Streaming tech was so dominant that it’s worth listing the relevant honourees in full: Akamai, Amazon Web Services, Anvato, ATEME, Beamr, Bitmovin, Brightcove, Encoding.com, Envivio, Face­book, Google, Harmonic, mDialog, Media­Kind, Netflix, RGB Networks, Seawell, and SSIM­WAVE. (For the complete list, see go2sm.com/techemmy.) It’s certainly not the first time NATAS has honoured streaming companies, but it’s never honoured quite so many at once. And even when broad­cast organ­isations like the BBC, the European Broad­casting Union, and Digital Video Broadcasting made the list, they did so for streaming-related efforts.

So why is that? For once, I think we can point to a change and be fairly confident that COVID-19 was not the driving force behind it. The pandemic ground almost all episodic and cinematic video production to a halt in 2020, whether for Netflix or NBC, so it’s not like OTT had an unfair advantage in that department.
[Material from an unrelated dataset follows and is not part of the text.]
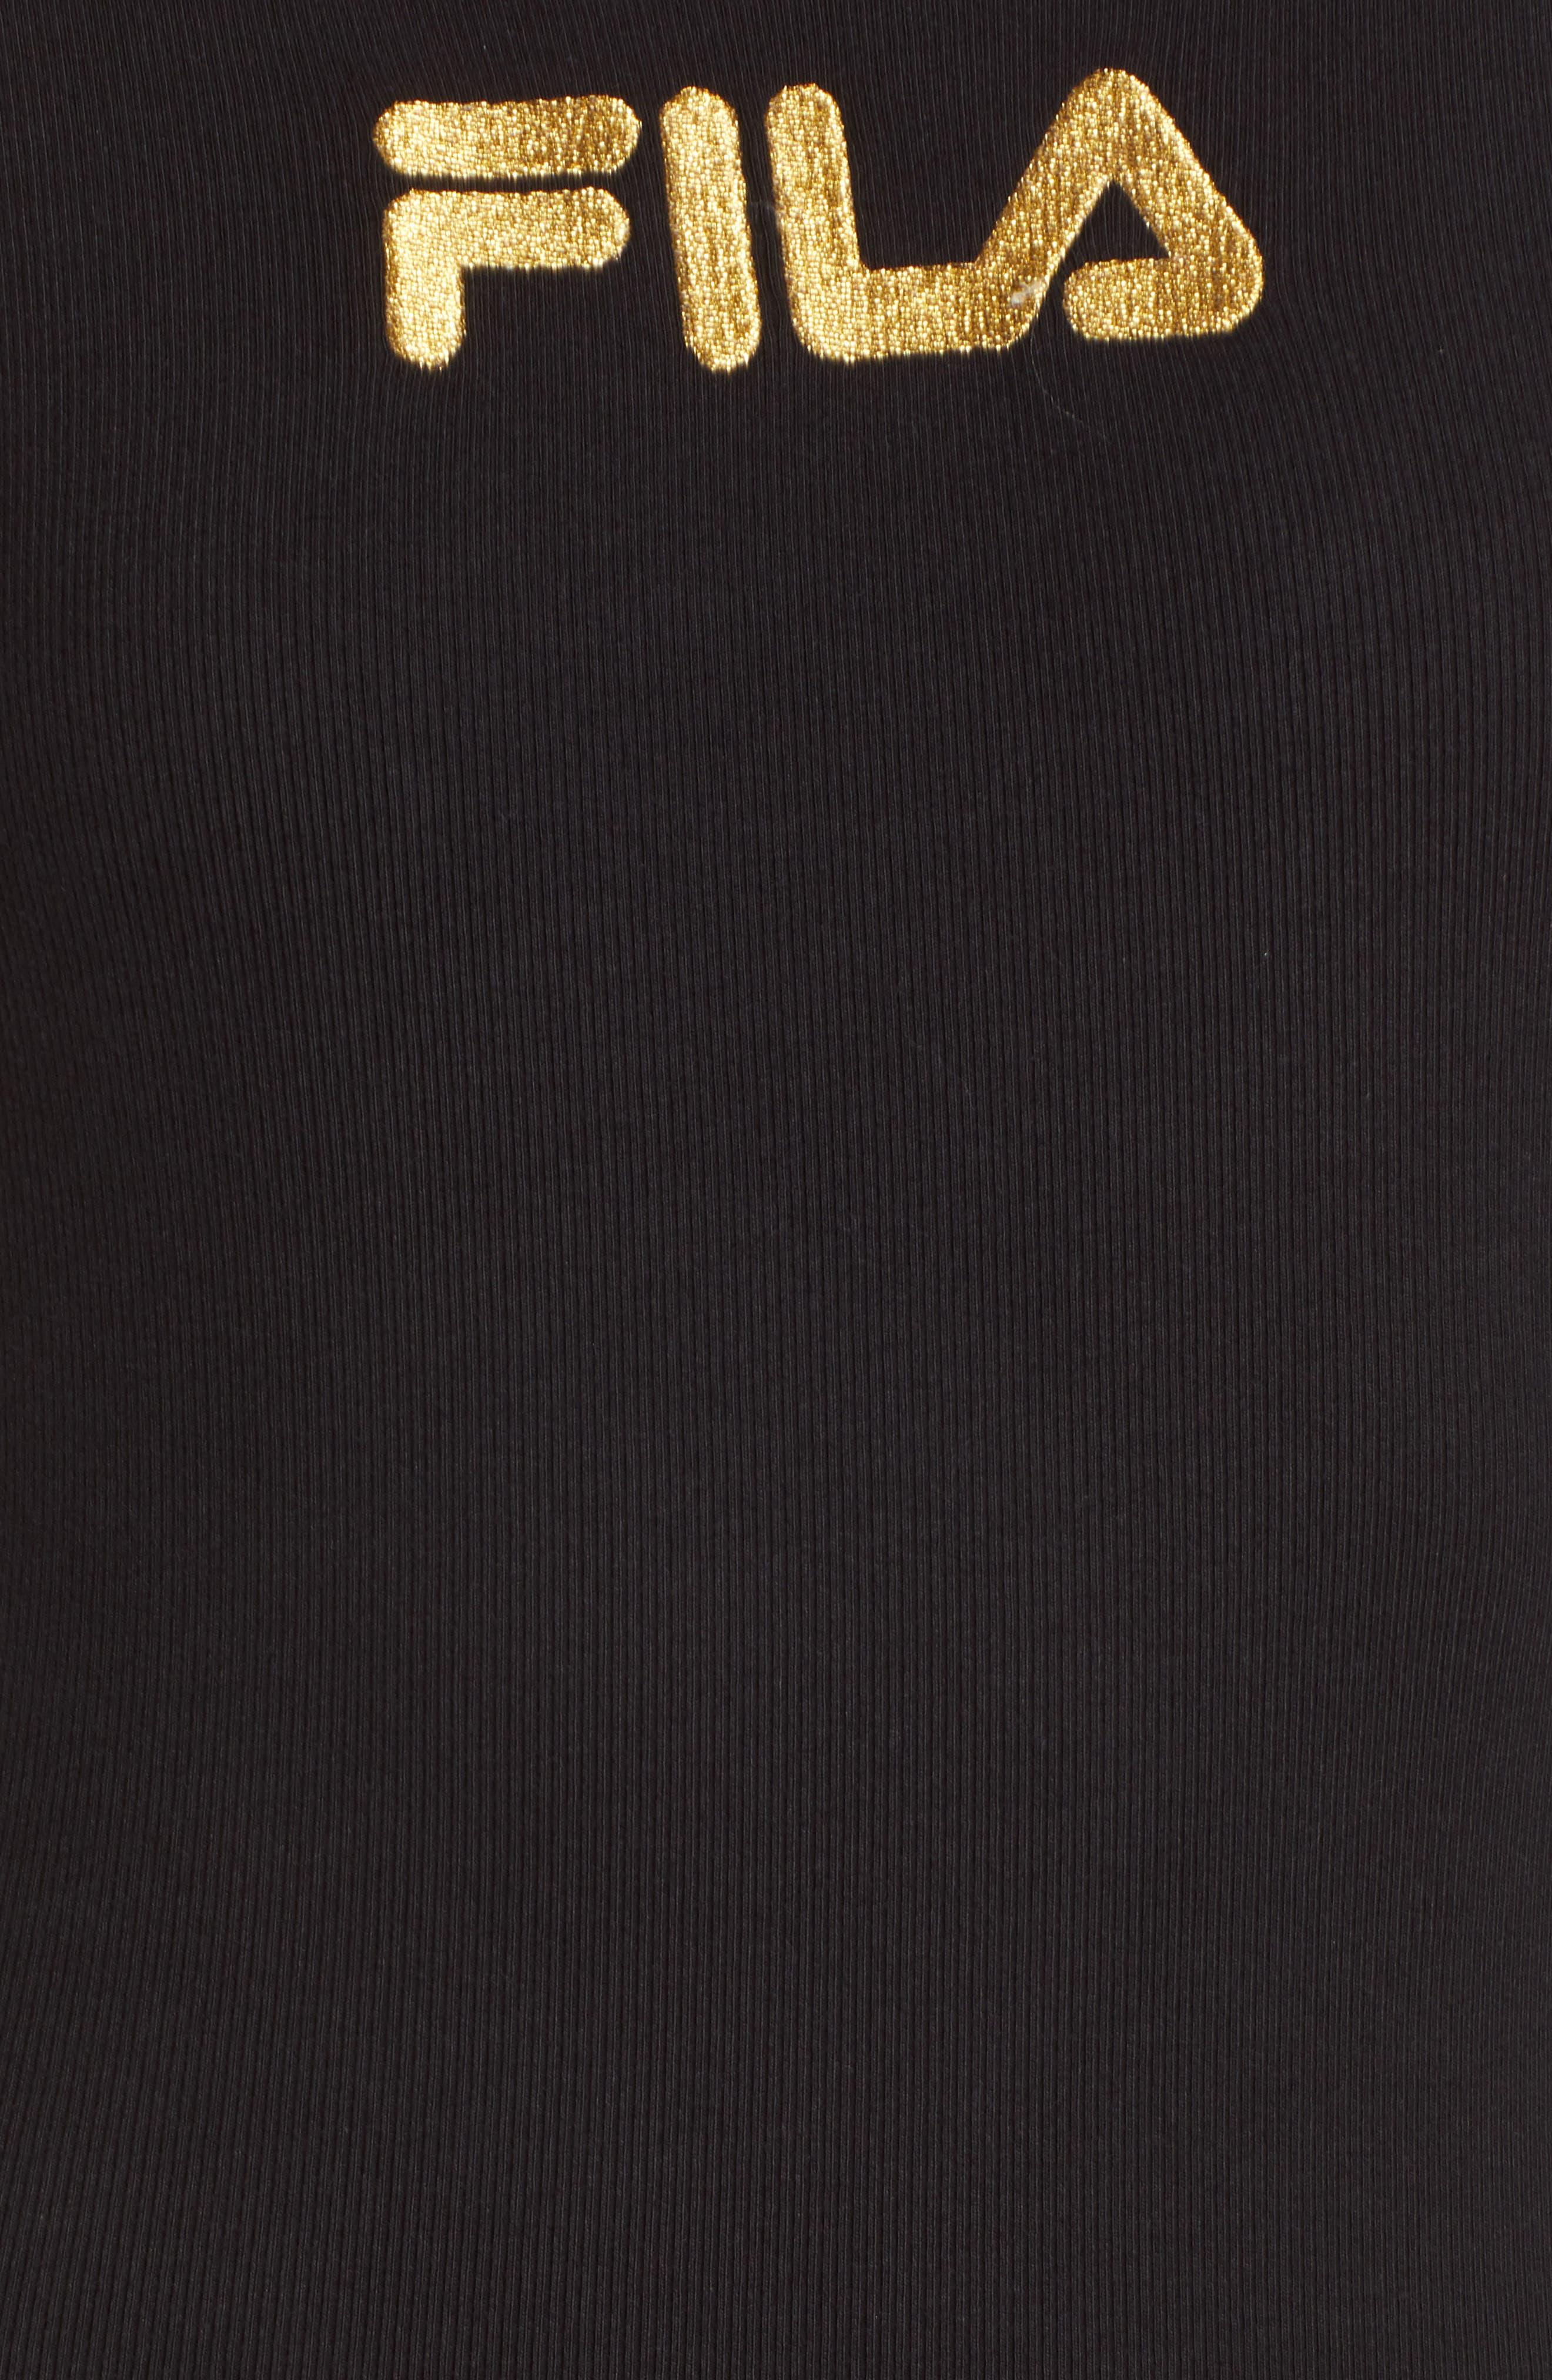 Ivory Unitard,                             Alternate thumbnail 6, color,                             001

The explanation lies in the award criteria themselves. According to NATAS, the technical Emmys go to “a living individual, a company, or a scientific or technical organization for developments and/or standardization involved in engineering technologies that either represent so extensive an improvement on existing methods or are so innovative in nature that they materially have affected television.”

Streaming tech has been doing that for years, but it has now overtaken cable and broadcast tech as the driving force behind innovation in television. This year’s technical Emmys are just another confirmation of what those of us in the industry have known for years: streaming is television.